Problem description:
The following data is to be repeated exactly, its pictures excluded.

*** Collected data ***

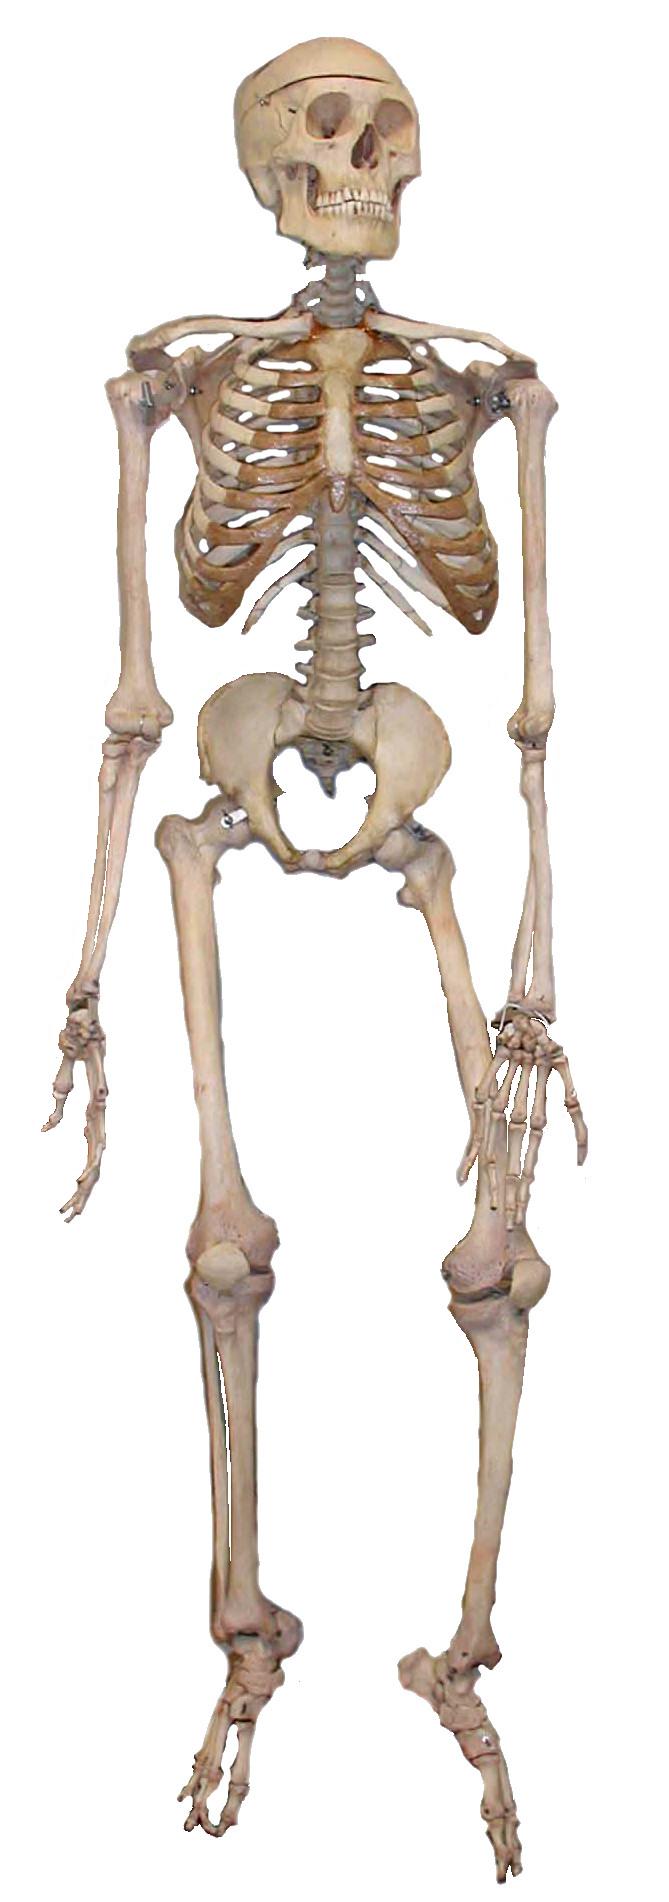 Human skeleton - wikidoc
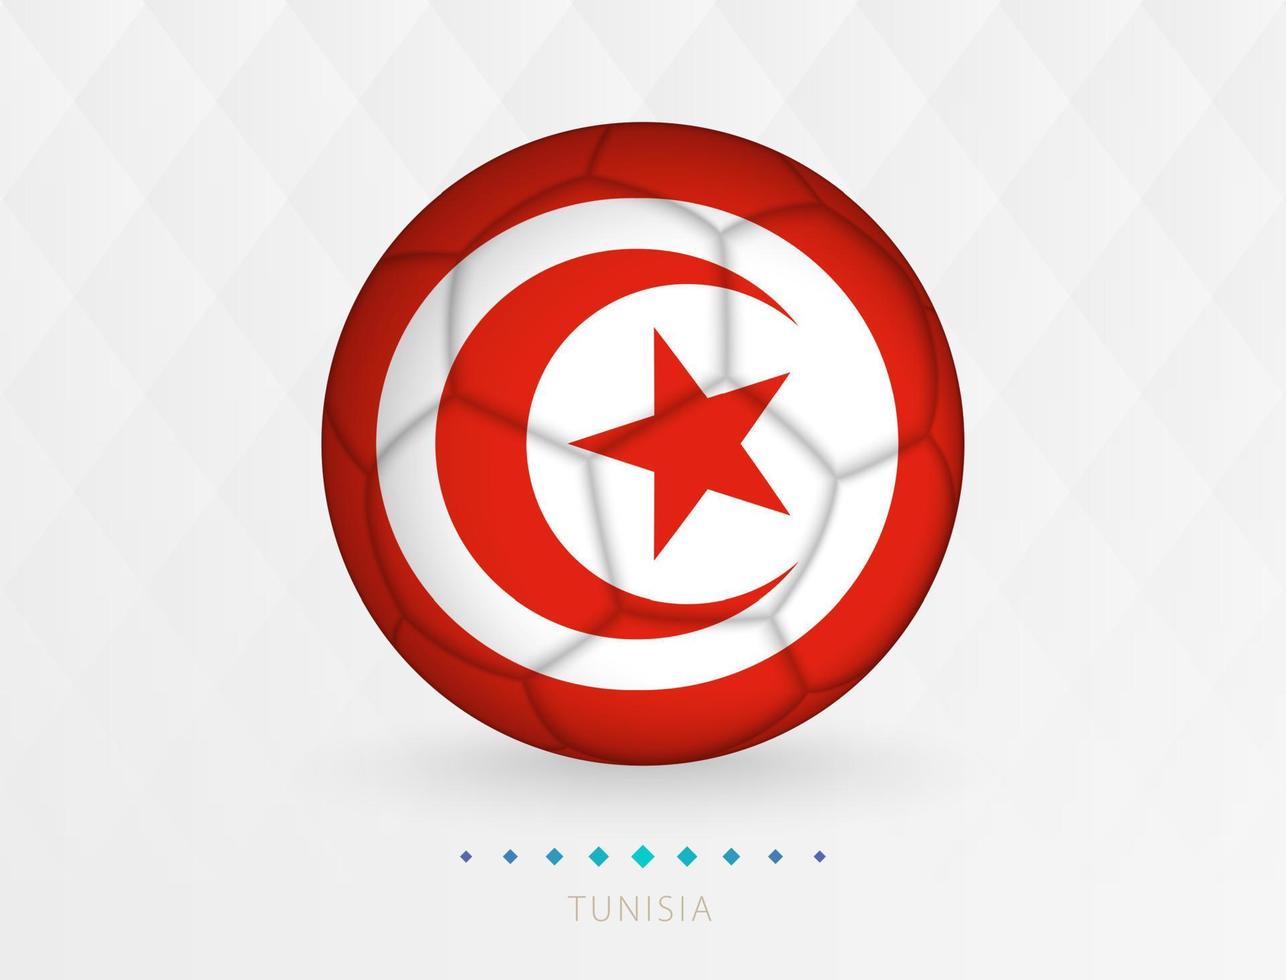 Football ball with Tunisia flag pattern, soccer ball with flag of Tunisia national team. vector
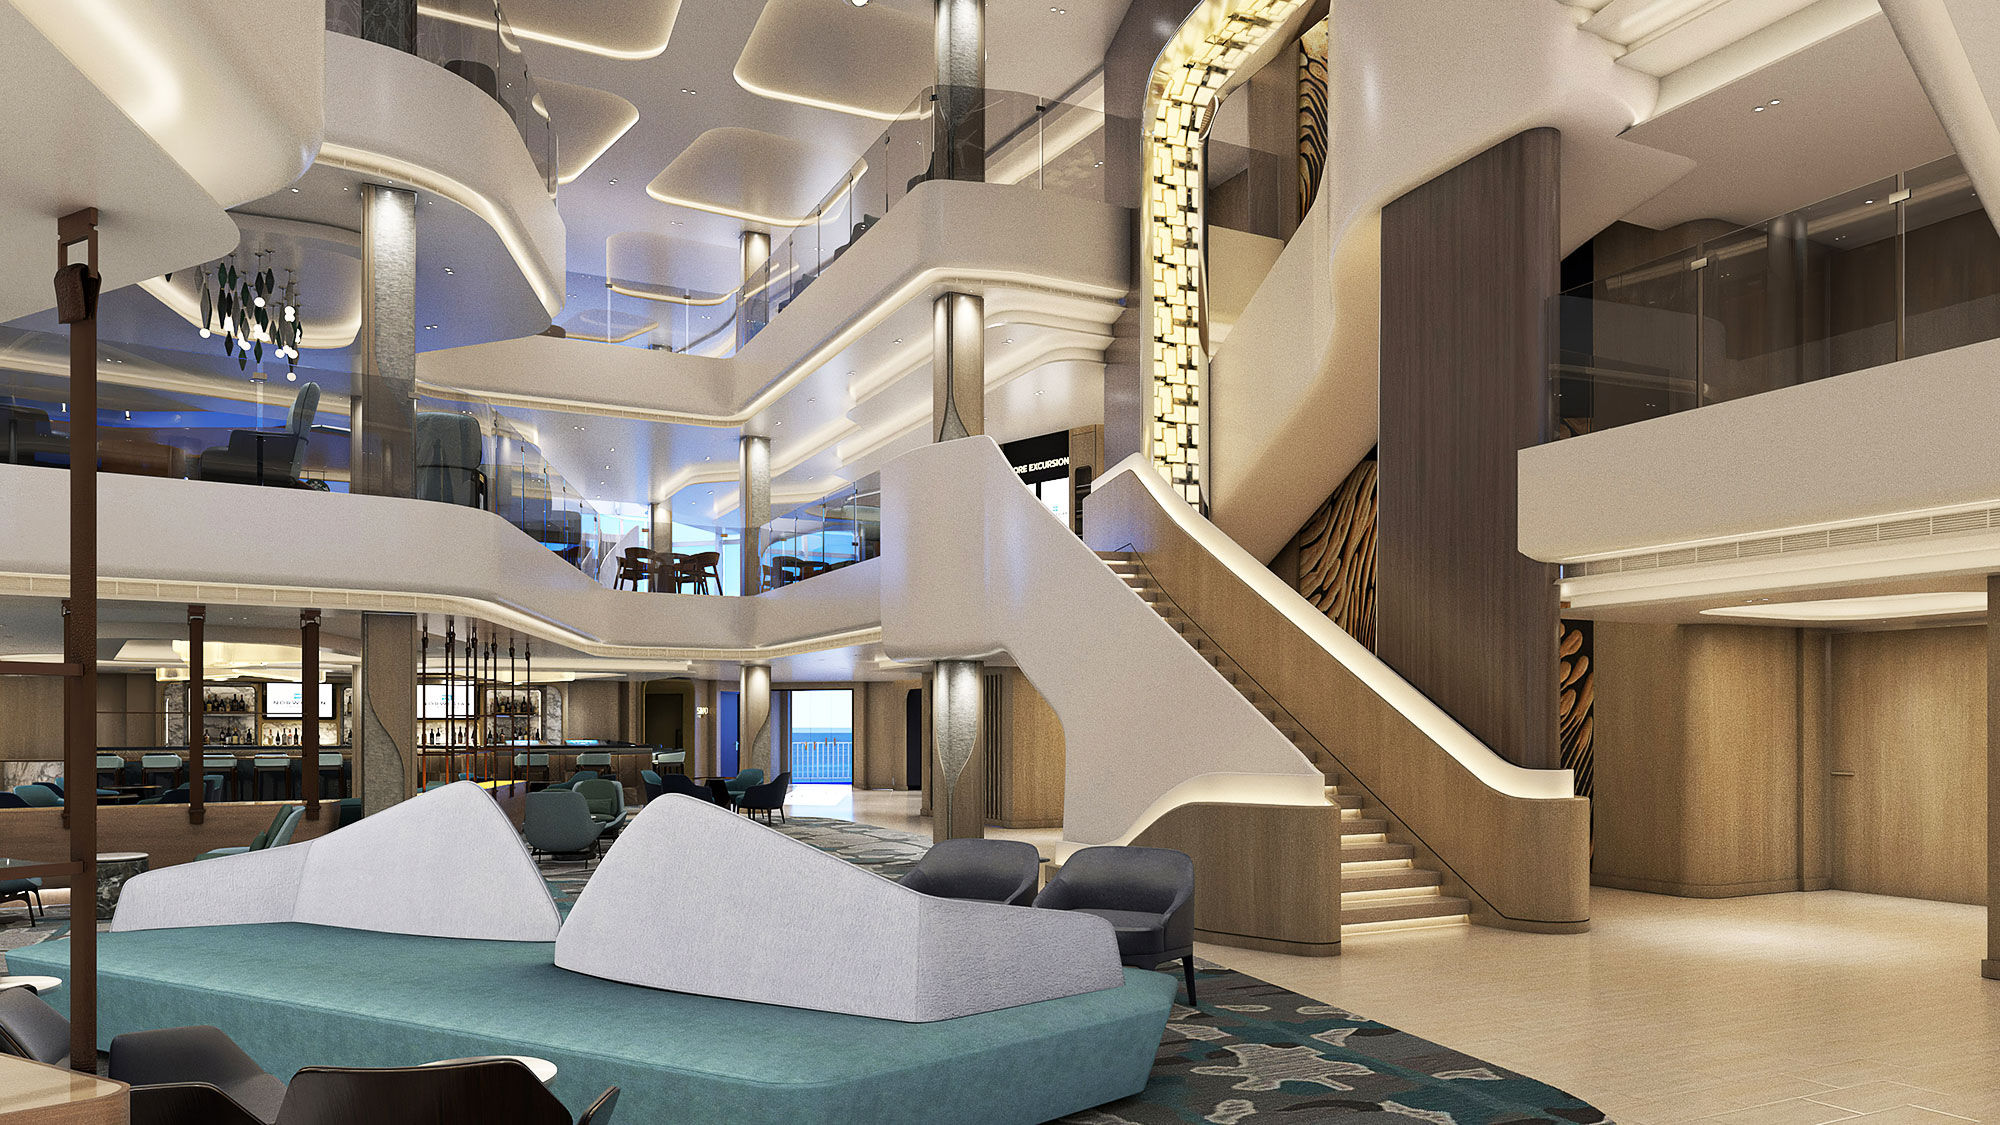 The Norwegian Prima will feature the three-story Penrose Atrium.

***

Solution:
 Human skeleton - wikidoc
 Football ball with Tunisia flag pattern, soccer ball with flag of Tunisia national team. vector
 The Norwegian Prima will feature the three-story Penrose Atrium.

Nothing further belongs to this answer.